The incorrect update resulted in a memory read that was outside of the allowed range, which in turn created a “unrecoverable exception.”
According to what was written in a post incident review (PIR), CrowdStrike has placed the responsibility for a bug-ridden update that caused 8.5 million Windows computers all over the world to crash on problematic testing software. “Due to a bug in the Content Validator, one of the two [updates]passed validation despite containing problematic data,” the business stated in its announcement. It pledged a number of new procedures to be taken in order to prevent a recurrence of the issue.
The major blue screen of death (BSOD) outage affected a wide variety of businesses all over the world, including international airlines, broadcasters, the London Stock Exchange, and a great number of other organizations. Windows PCs were unable to recover from the problem because it caused them to enter a boot loop. In order to recover, technicians needed to have local access to the machines. Apple and Linux devices were not affected. Many businesses, including Delta Airlines, are still in the process of recovering.

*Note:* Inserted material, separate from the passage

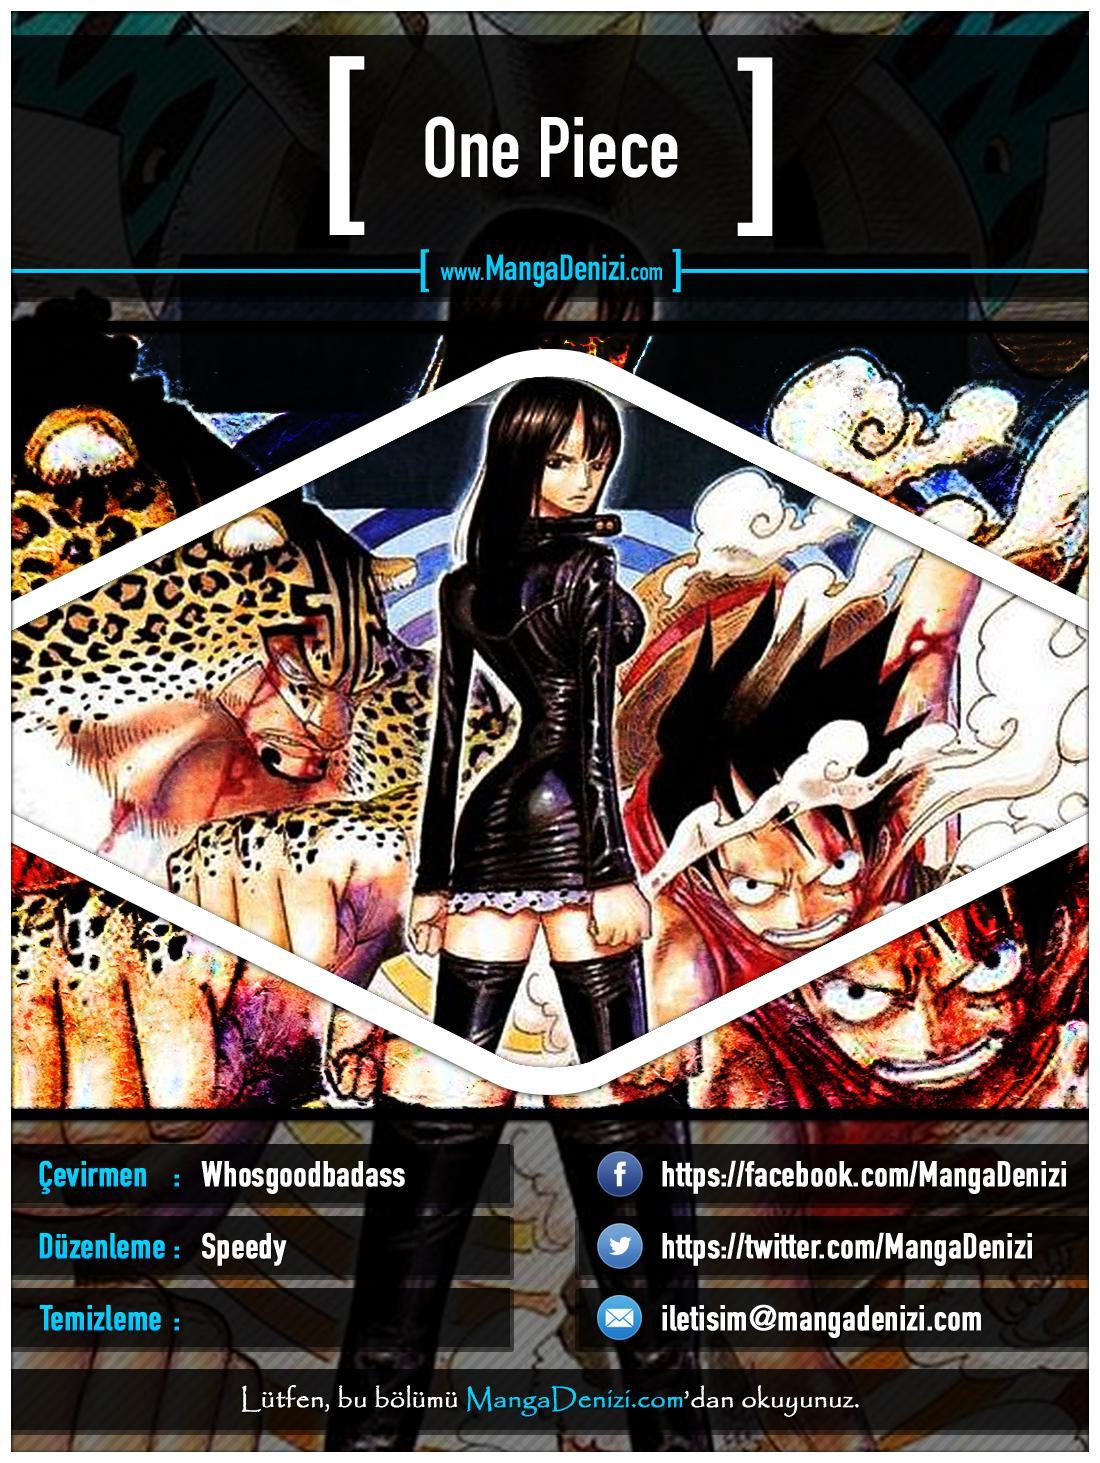 One Piece [Renkli] mangasının 0385 bölümünün 1. sayfasını okuyorsunuz.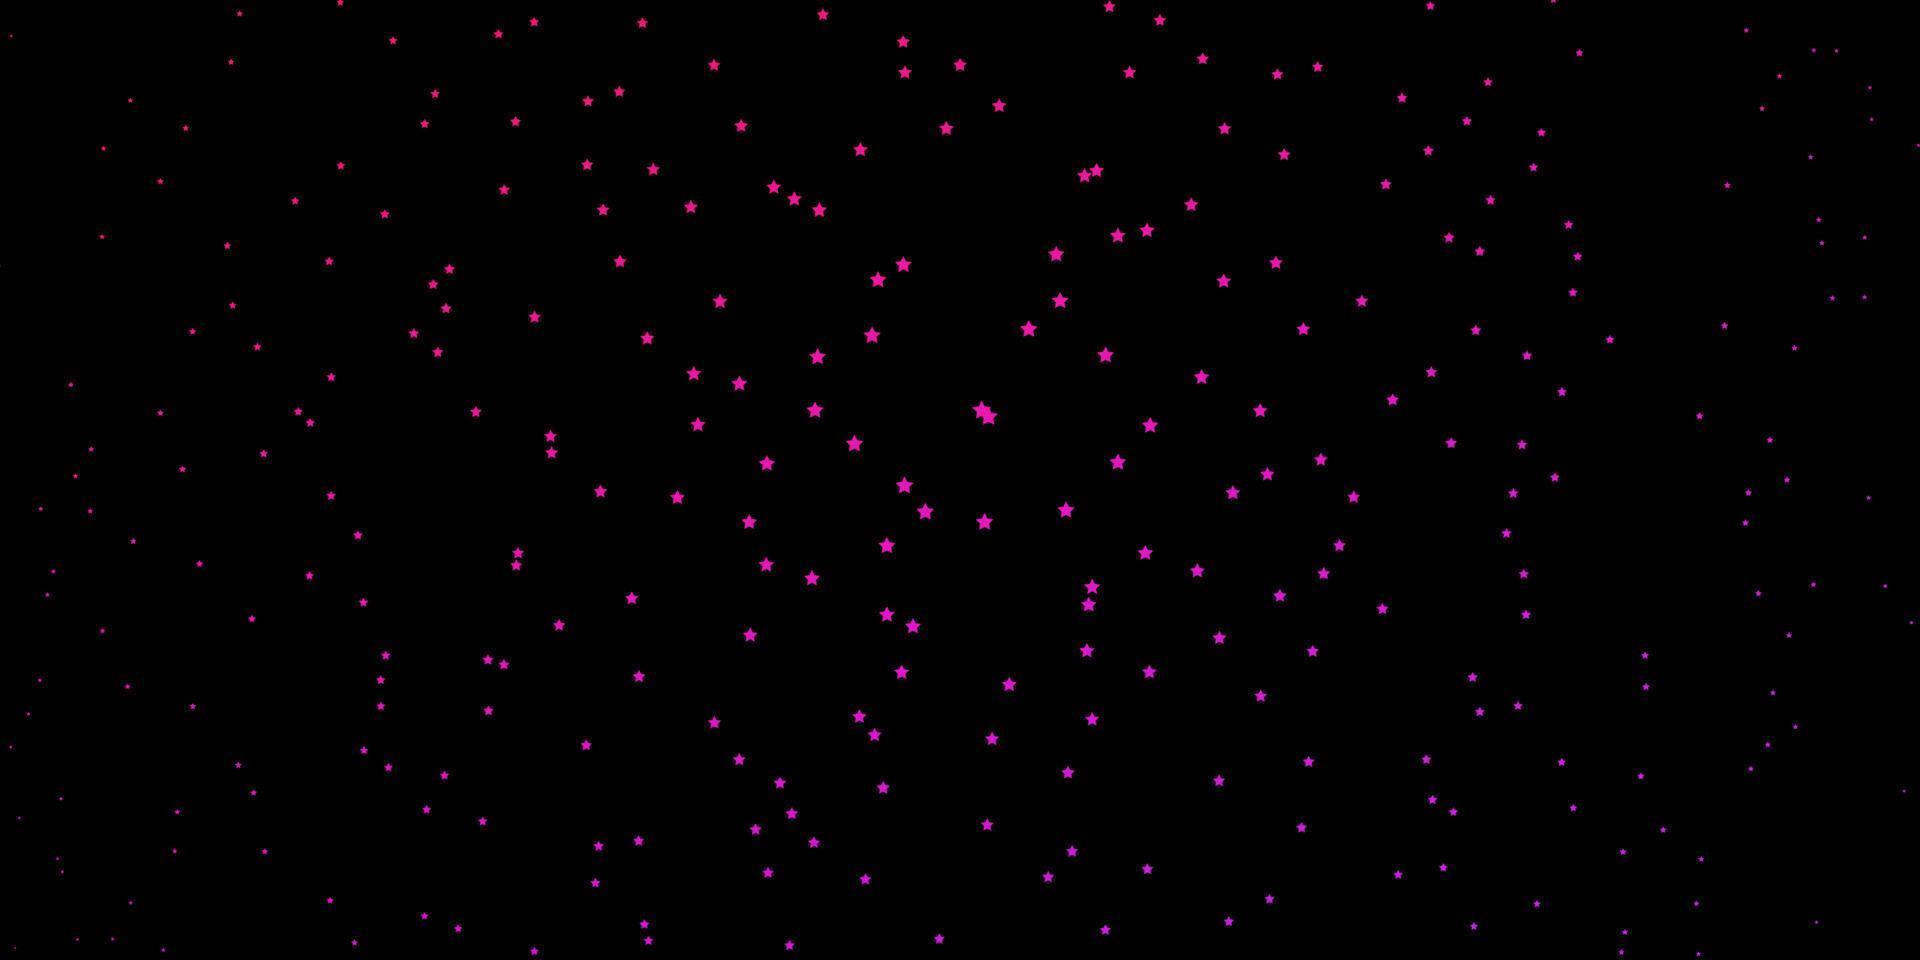 viola scuro, sfondo vettoriale rosa con stelle piccole e grandi.

CrowdStrike provides a technology known as the Falcon Sensor that can protect against distributed denial of service assaults as well as other forms of attacks. It comes pre-installed with material that operates at the kernel level and is referred to as Sensor material. This content makes use of a “Template Type” to define how it protects itself from potential dangers. If something new is introduced, it will send out “Rapid Response Content” in the form of “Template Instances.”
It was on March 5, 2024 that a Template Type for a new sensor was made available, and it operated just as anticipated. On the other hand, on July 19, two new Template Instances were made available, and one of them, which was only forty kilobytes in size, got through validation despite having “problematic data,” according to CrowdStrike. This resulted in an out-of-bounds memory read, which caused an exception to be triggered when it was received by the sensor and loaded into the Content Interpreter. Because this unanticipated exception could not be handled in a graceful manner, the Windows operating system crashed (also known as a blue screen of death).
In order to avoid a recurrence of the incident, CrowdStrike has committed to taking a number of preventative actions. Before anything else, there is a more comprehensive testing of the Rapid Response content, which includes testing for local developers, testing for content updates and rollbacks, testing for stress and stability, and other types of testing. It also includes the addition of validation tests and the improvement of error handling.
As an additional measure to prevent a recurrence of the worldwide outage, the organization will initiate the implementation of a staggered rollout plan for Rapid Response Content. Additionally, it will give clients a higher degree of control over the delivery of content of this kind and will provide release notes for subsequent upgrades.
Some analysts and engineers, on the other hand, are of the opinion that the corporation ought to have implemented such safeguards from the very beginning. “CrowdStrike must have been aware that these updates are interpreted by the drivers and could lead to problems,” said Florian Roth, a developer, in a post that was published on X. “They should have implemented a staggered deployment strategy for Rapid Response Content from the start.”